Supplied information: Begin
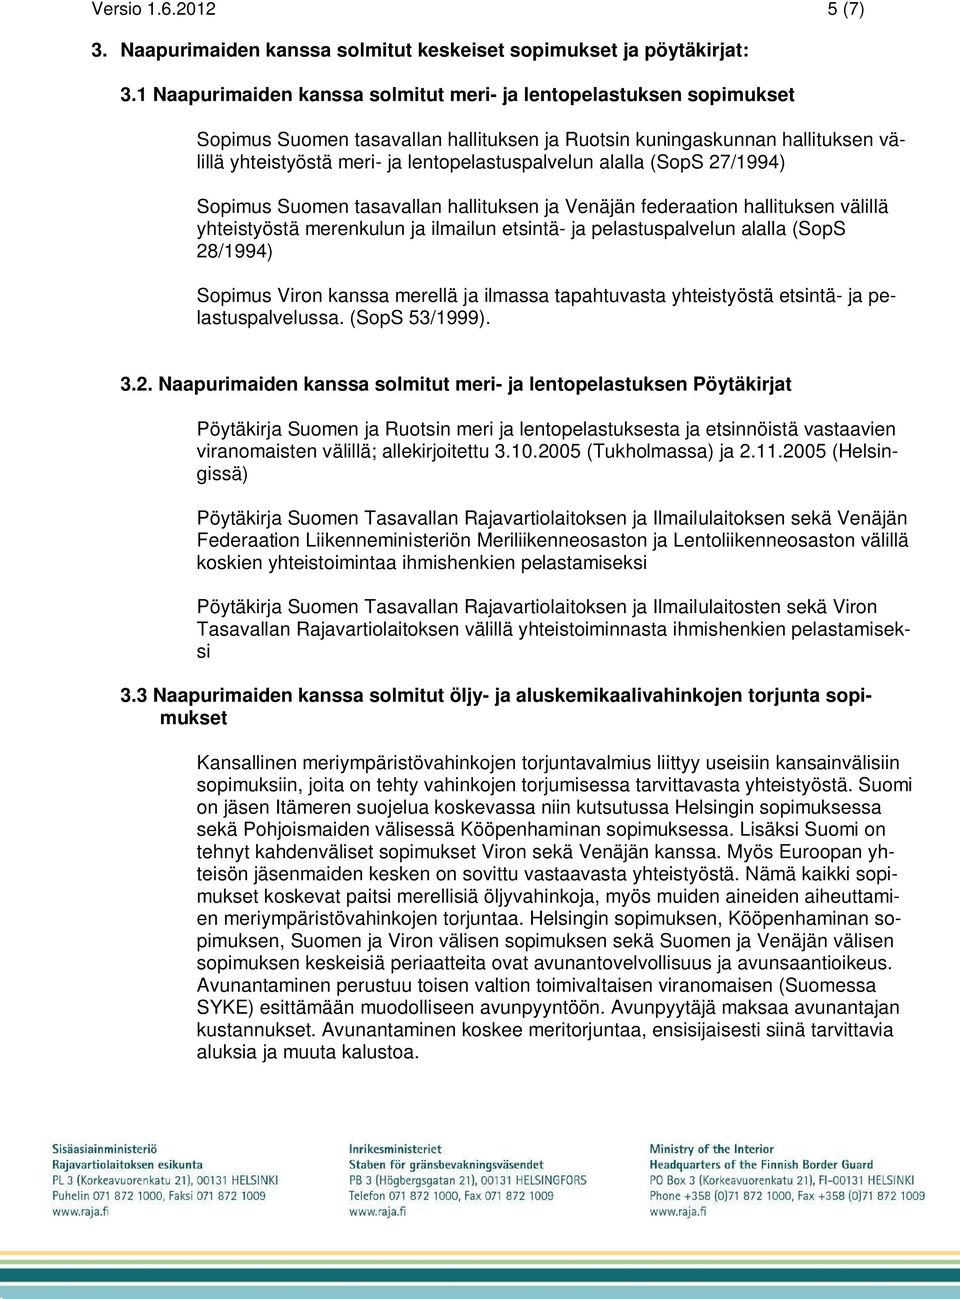 alalla (SopS 27/1994) Sopimus Suomen tasavallan hallituksen ja Venäjän federaation hallituksen välillä yhteistyöstä merenkulun ja ilmailun etsintä- ja pelastuspalvelun alalla (SopS 28/1994) Sopimus
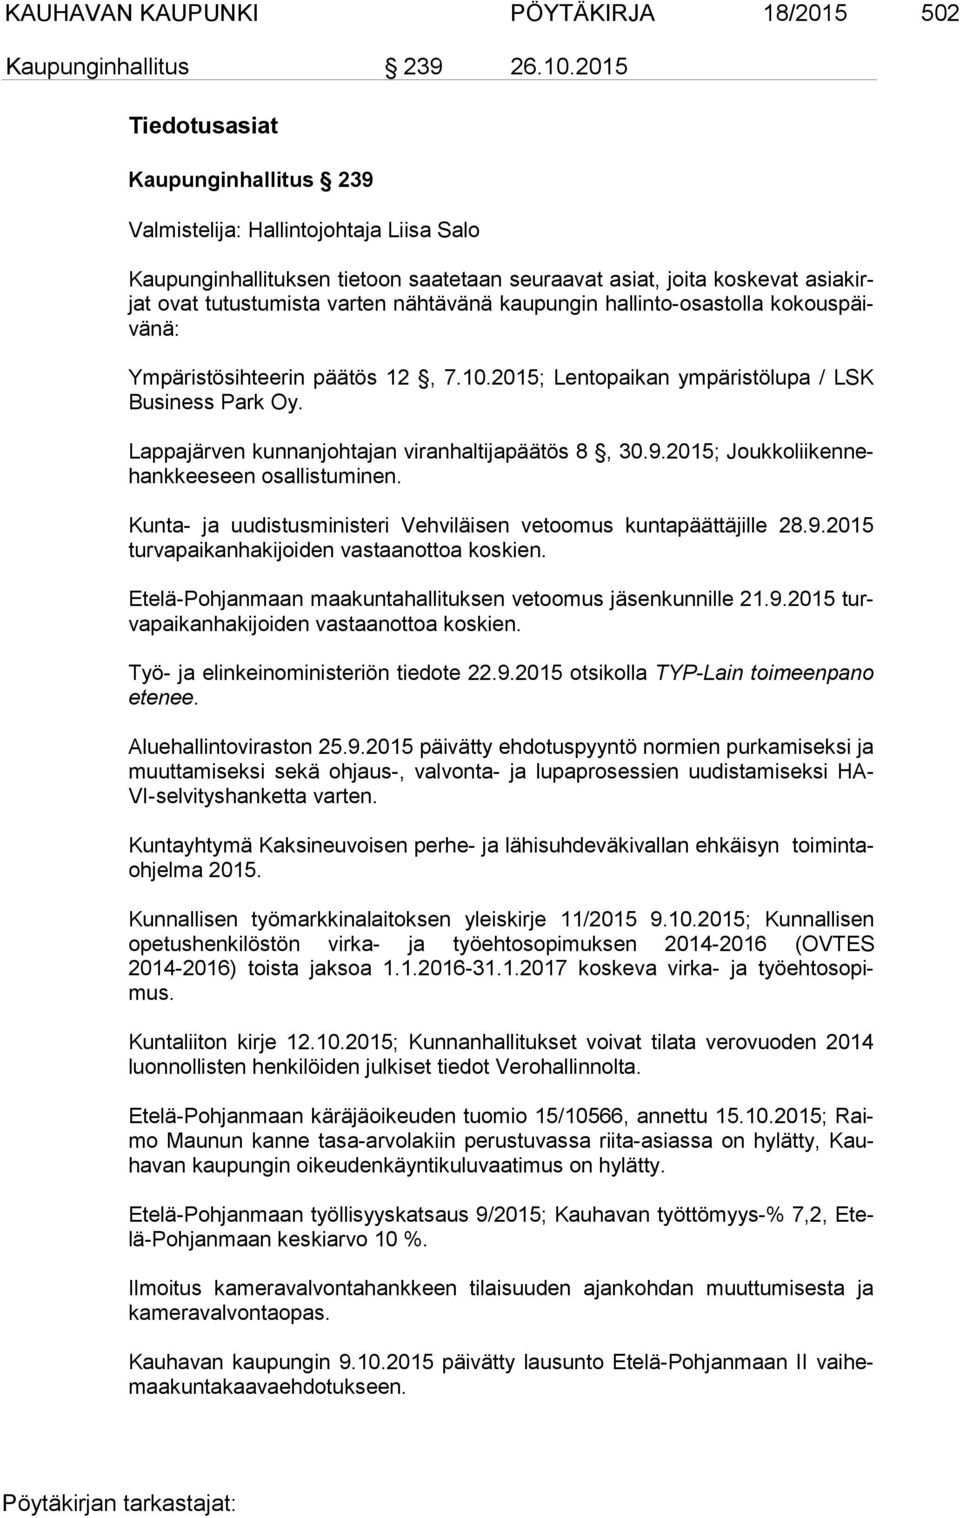 kaupungin hallinto-osastolla ko kous päivä nä: Ympäristösihteerin päätös 12, 7.10.2015; Lentopaikan ympäristölupa / LSK Busi ness Park Oy. Lappajärven kunnanjohtajan viranhaltijapäätös 8, 30.9.
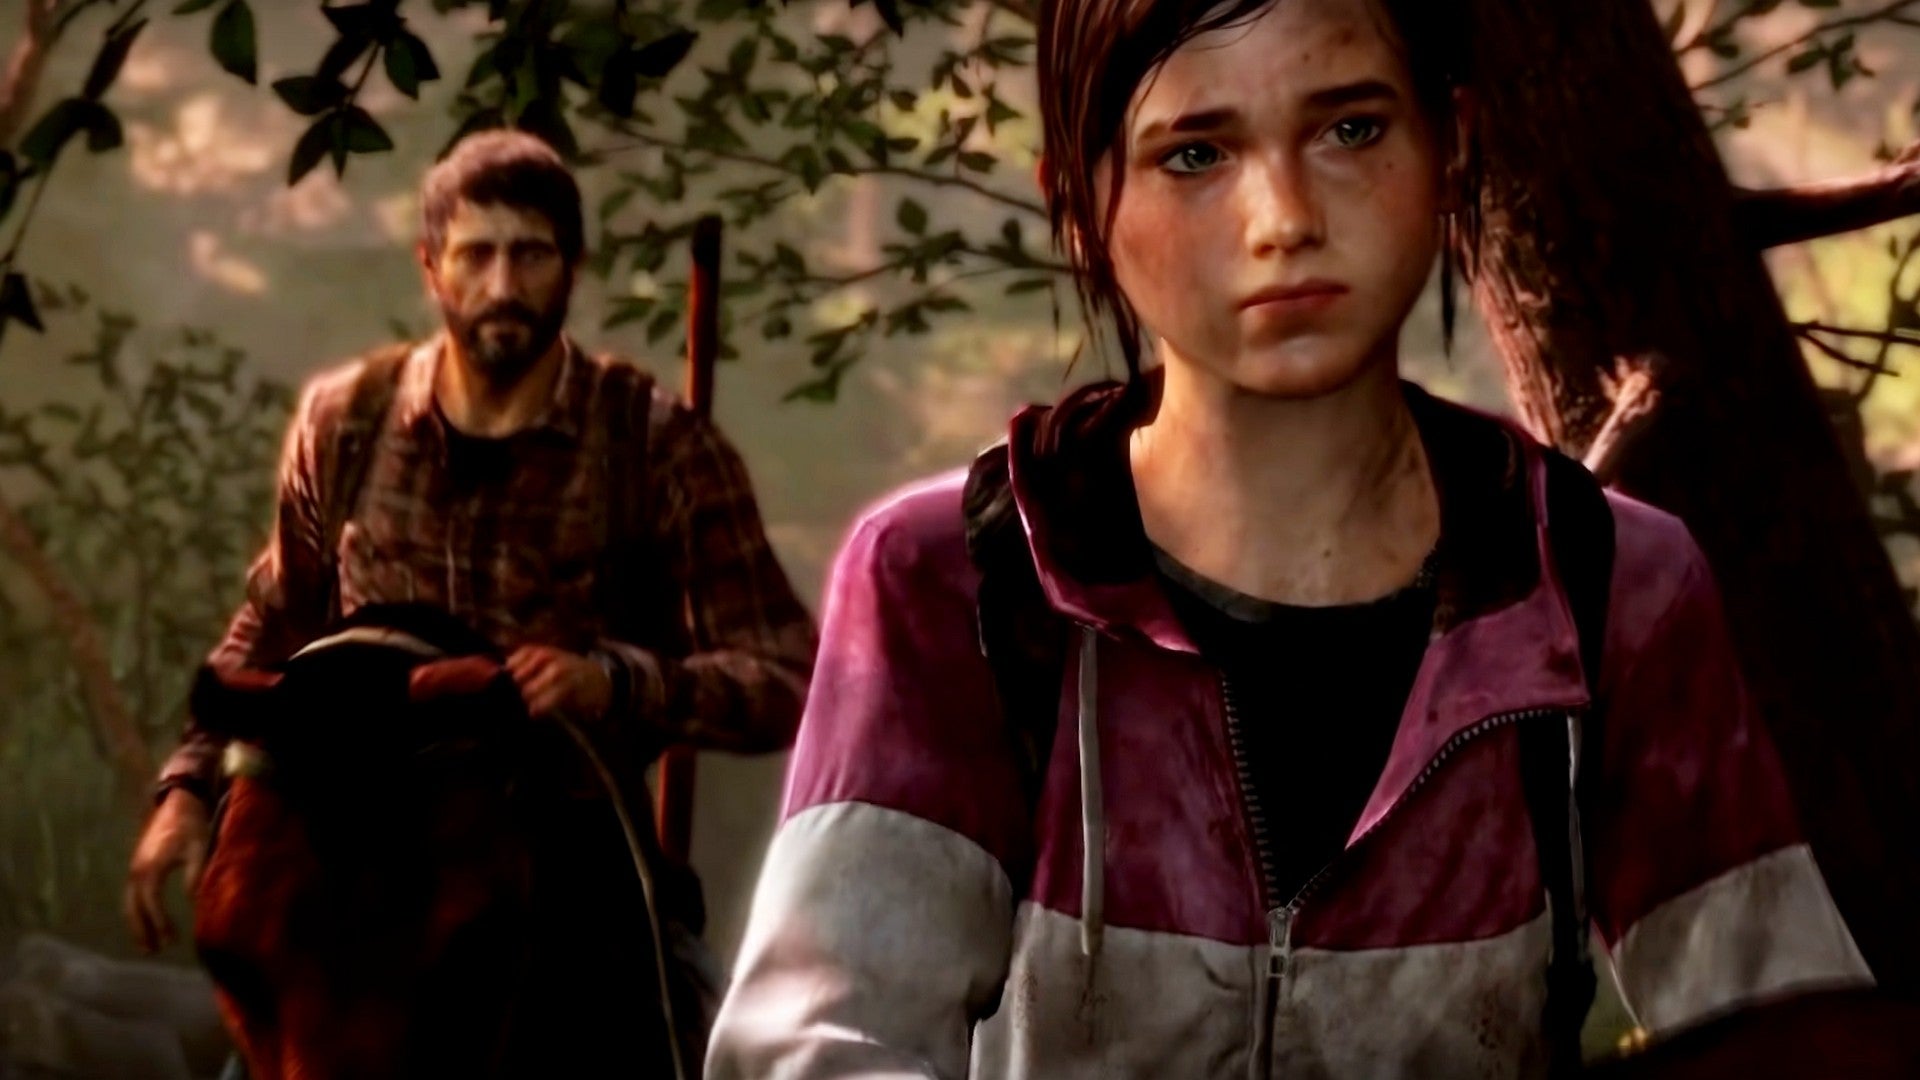 Bilder zu The Last of Us Remake: LinkedIn-Profil eines Mitarbeiters könnte auf das Projekt verweisen
Supplied information: End
* [Problem]: Beginning with the line that holds "kaupungin hallinto-osastolla ko", output each line to the end of the material above, exactly, omitting the pictures.

* [Problem solution]:
 kaupungin hallinto-osastolla ko kous päivä nä: Ympäristösihteerin päätös 12, 7.10.2015; Lentopaikan ympäristölupa / LSK Busi ness Park Oy. Lappajärven kunnanjohtajan viranhaltijapäätös 8, 30.9.
 Bilder zu The Last of Us Remake: LinkedIn-Profil eines Mitarbeiters könnte auf das Projekt verweisen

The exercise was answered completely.